We soon noticed that, while none of the Congressional delegation agreed to hold special Iraq Town Halls, they did became more vocal on the occupation and began to include the term 'cost of war' in their public statements.

However, by August of '06 we were tired of waiting for the politicians to act. The ROP staff formally invited the Congressional delegation to Iraq Town Halls that we would organize ourselves in each Congressional District. In December, after elections that brought Democrats to power in DC on a wave of anti-war sentiment, we set Town Hall dates for the February Congressional recess, anticipating the upcoming vote on a massive $240 billion appropriation to continue the Iraq occupation. No Representative or Senator agreed to attend, but Reps David Wu, Darlene Hooley, and Peter DeFazio committed to send staff.

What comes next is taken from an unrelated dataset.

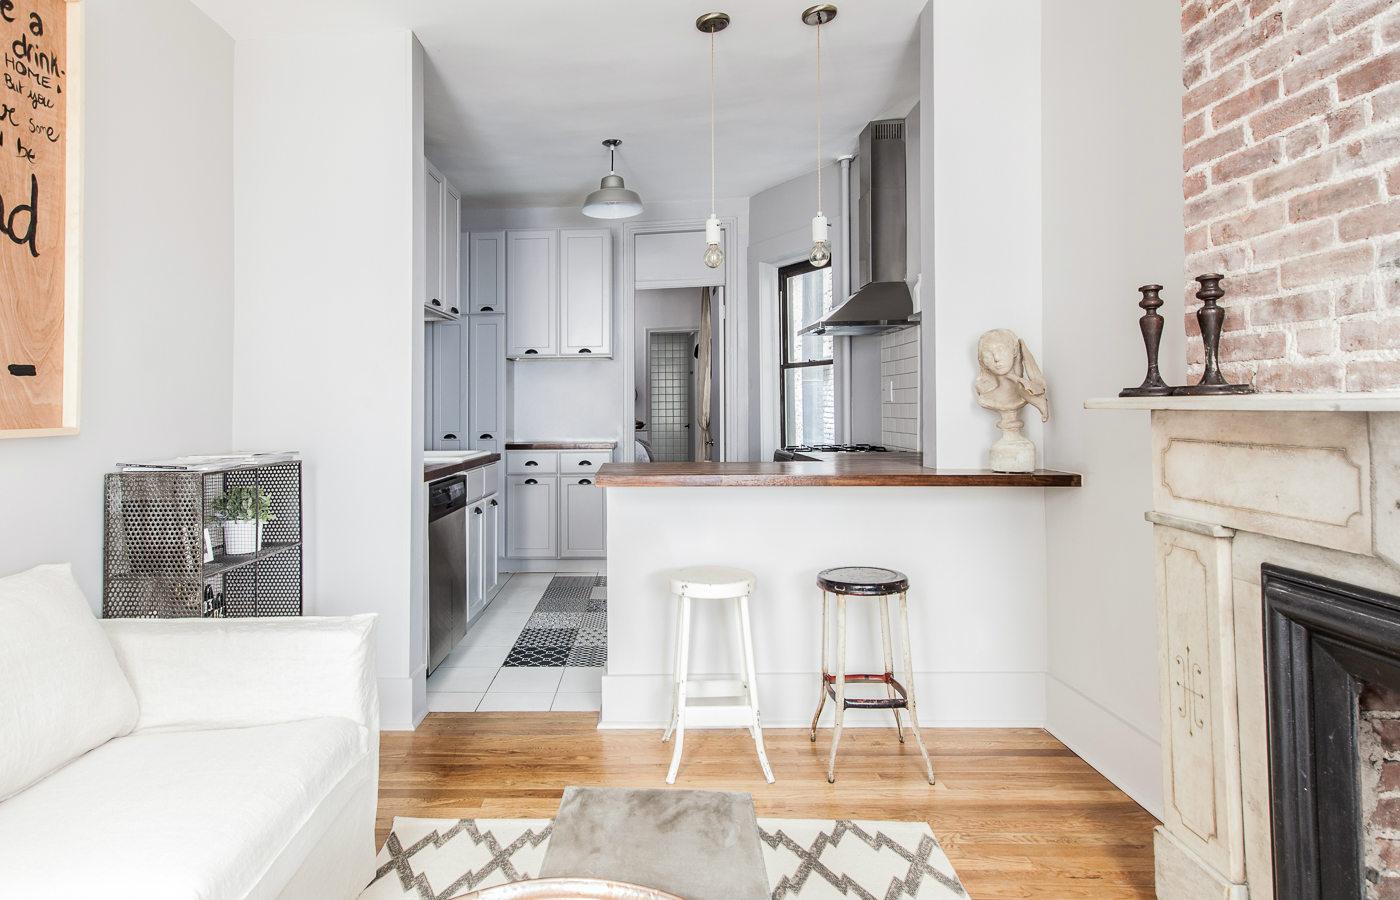 Appartement locatif de caractere | Upper East Side, New York City

Town Halls happened in four of five Congressional districts between February 16 and 24:

In Redmond (Rep Greg Walden, District 2), 175 people crowded into the Redmond Community Center. In Lincoln City (Rep Darlene Hooley, District 5) 125 people attended. In Roseburg, 125 people turned out (Peter DeFazio, District 4). At all the meetings, military families and returning vets spoke, including the mother of Suzanne Swift, who refused orders to return to Iraq.

I attended the Forest Grove Town Hall (Rep David Wu, District 1), where 200 people filled Taylor Auditorium on the Pacific University campus. Former Air Force photographer Tina Bean, recently returned from Iraq and suffering from Post Traumatic Stress Syndrome addressed the crowd:

"I haven't seen a single one of my friends since I've been home, because I don't want them to see me like this," she said, fighting tears. "I can't look at myself in the mirror without feeling disgusted. I feel like I'm broken into a million pieces. I'll never be the person I was."

By organizing these assemblies we achieved the first goal of the campaign: to bring local anti-war groups together in coalitions centered in Congressional Districts and focused on community outreach as a means to pressure elected officials.

Each Town Hall was organized by the local ROP Human Dignity Groups and allies. Testimonies were solicited from within the communities where we live. This met our second goal: to expand the outreach of local groups and highlight the cost of war for our neighbors, bringing in new people.

Did we meet our third goal of influencing our Congress people and Senators to vote against the Iraq appropriation, and to take the lead in explaining the cost of war to their constituents? None of them attended. Some held their own pre-screened events to coincide with our grassroots assemblies.

On the other hand, all Representatives and Senators are now aware that anti-war activists are creating coalitions in each Congressional District, that we are including into our protests the type of targeted political action that has historically succeeded in re-shaping the political landscape, whether to the left or the right.

We are in for a long struggle to get Congress people and Senators to vote down funding for the occupation - a vote that will effectively end the war. We will need to be imaginative. The goal should be to create a relentless, non-violent political force capable of rewarding friends and punishing enemies.

As someone explained to me during the Town Hall in Rep Wu's District: 'We need to push hard - even on those who agree with us - to make sure they keep coming our way.'

For more information, or to get involved, visit the Rural Organizing Project.

Comments

  • Bill Bodden (unverified)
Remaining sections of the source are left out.